The action of cancellation of lease deed does not survive as lease has already been restored as admitted by the complainants. The assessment of compensation based on Rs. 2 lacs p.a. is arbitrary and highly exaggerated. The same seems to have been incorporated to invoke the jurisdiction of this Commission by arriving at an amount of more than Rs. 20 lacs.
Otherwise the flat seems to have been allotted for around Rs. 3-4 lacs only in 1989. The complainants did not tell the price of the flat deposited despite repeated queries made by this Commission at the time of arguments on admission of complaint. A person cannot get compensation of Rs. 22 lacs for a flat purchased by him for Rs. 3 lacs approximately.
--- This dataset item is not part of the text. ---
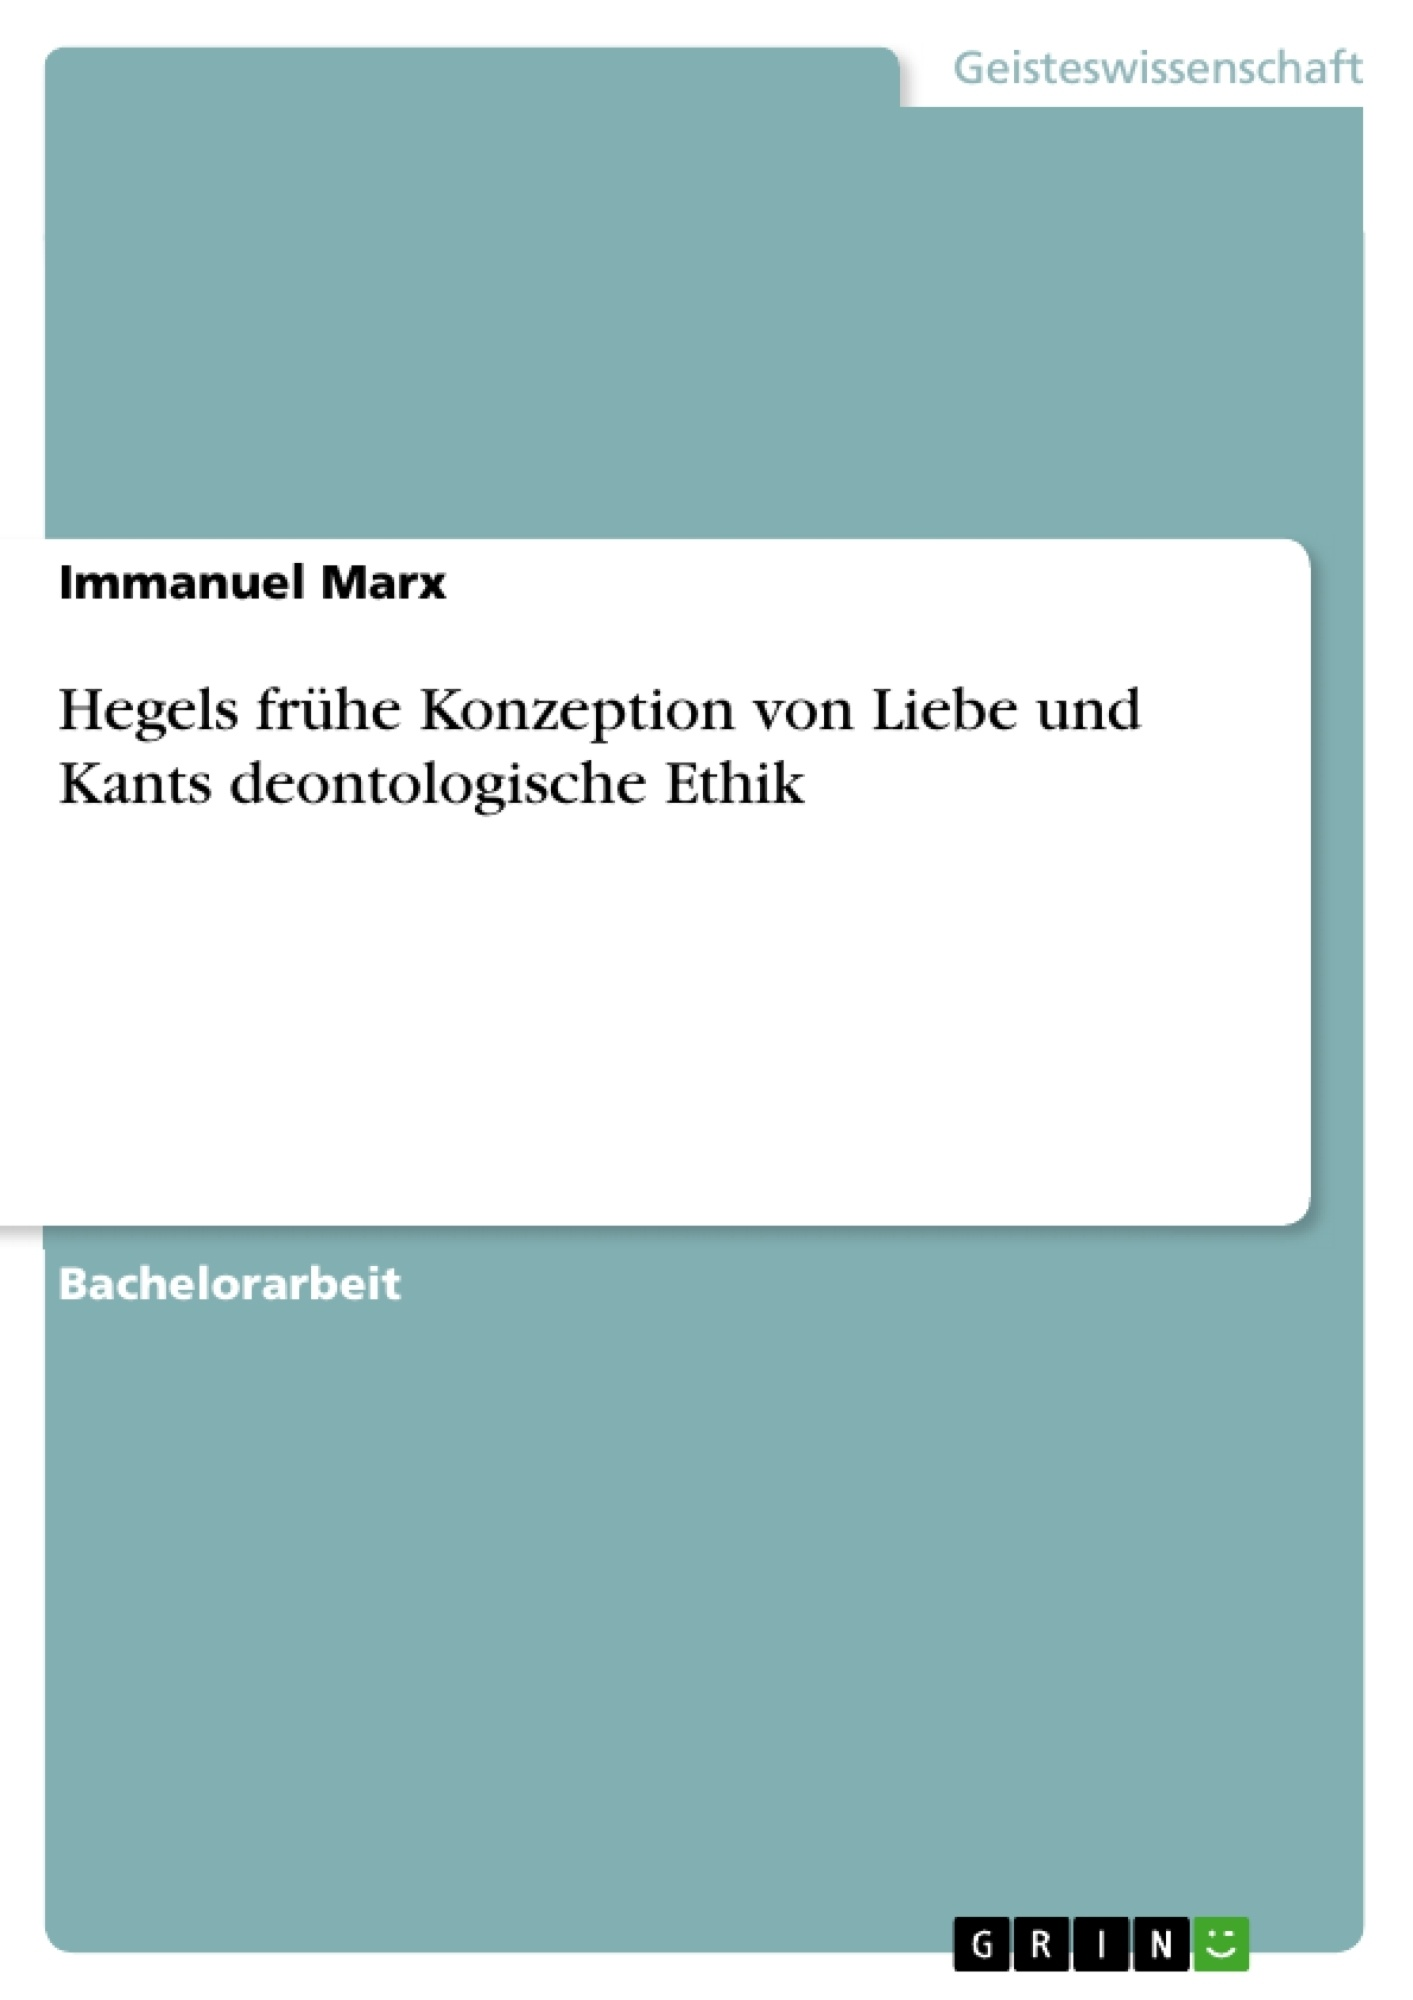 Titel: Hegels frühe Konzeption von Liebe und Kants deontologische Ethik

Consumer Act is not meant for enriching such persons.
The amount claimed by the complainants, if any, is to be disbursed out of public exchequer such case cannot be entertained so lightly.
If the claim of the complainants is confined to recovery of misuse charges, the same is Rs. 8,37,292/- for which pecuniary jurisdiction will lie with the District Forum.
Last but not the least is the fact that person who applies for conversion from lease hold to free hold is not consumer as per decision of the Hon’ble National Commission in DDA Vs. S.S.Puri I (1997) CPJ 86 and decision of this Commission in DDA Vs. A.V.Raghvan III (2000) CPJ 295.
The complaint seems to be an abuse of process of court. The same is dismissed in limini with costs of Rs. 10,000/-.
Copy of the orders be made available to the parties free of cost as per rules and thereafter the file be consigned to Records.